The ship is provided with four 30 tonne SWL cargo cranes and may also have grabs. They were not visible as the hatches were open and blocked the view of the crane pedestal bases where the grabs would be stowed. The ship arrived in ballast from Norfolk,VA and is loading cargo from the Halifax Grain Elevator. Lately the elevator has been handling soy beans, which arrive by rail, and wood pellets which arrive by truck. From the type of ship and the dust raised when loading, I would guess wood pellets.

These may be among the last photos of Pier 27-28 from this vantage point (bad as it is.) New construction has started in the Pier 29 area as part of the expansion and re-organizaiton of the rail lines and buildings within the South End terminal. A wonderfully vague sign gives no notion of specifically what is going on except that this view will eventually be blocked. I believe the plan may also be to block public thoroughfare in the area too. The present well travelled road is actually port property, and I doubt that there is any established public right of way, despite more than fifty years of public access. Nevertheless the sign must be directed at the public, even though is nearly invisible as it is parallel to the traffic.

The sign is a tribute to whoever got the City, the Port and the Canadian Government to all agree on wording.
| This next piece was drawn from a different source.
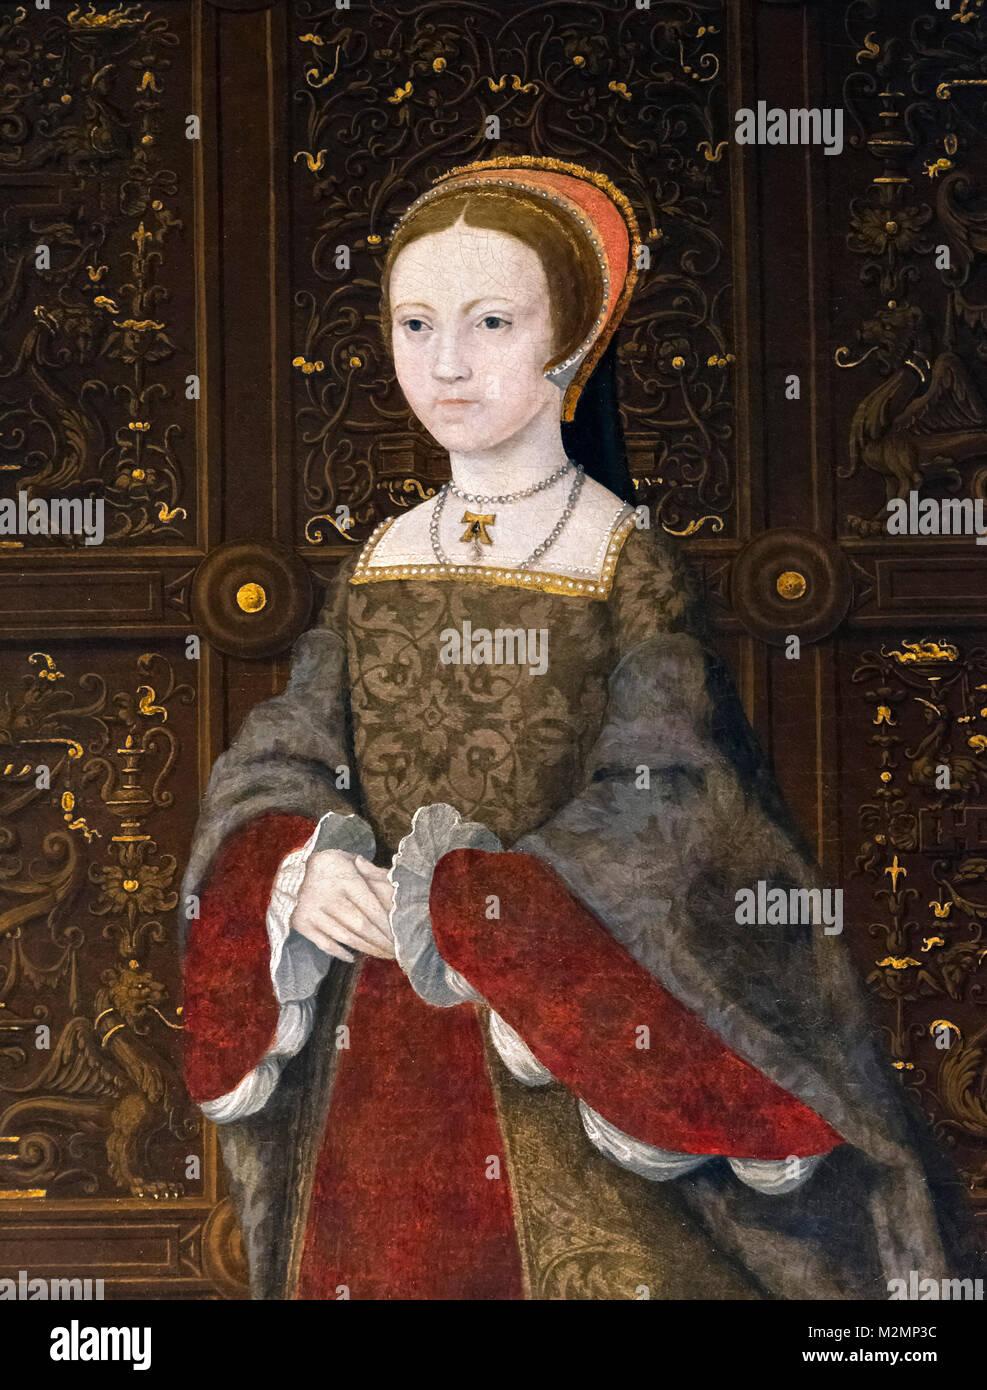 Elizabeth I. Portrait der Königin Elizabeth I (1533-1603) als Prinzessin Elisabeth im Alter von 12 Jahren. Stockbild

That is why it gives no useful information, but does hint at the reduction of container truck traffic to and from the port, and between port terminals, by shifting it to rail. Whatever it is that they are doing it should be noted that it is a $48 million dollar Solution. I also guess it is a $48 million gift from the Canadian taxpayers to the Port, PSA and CN Rail.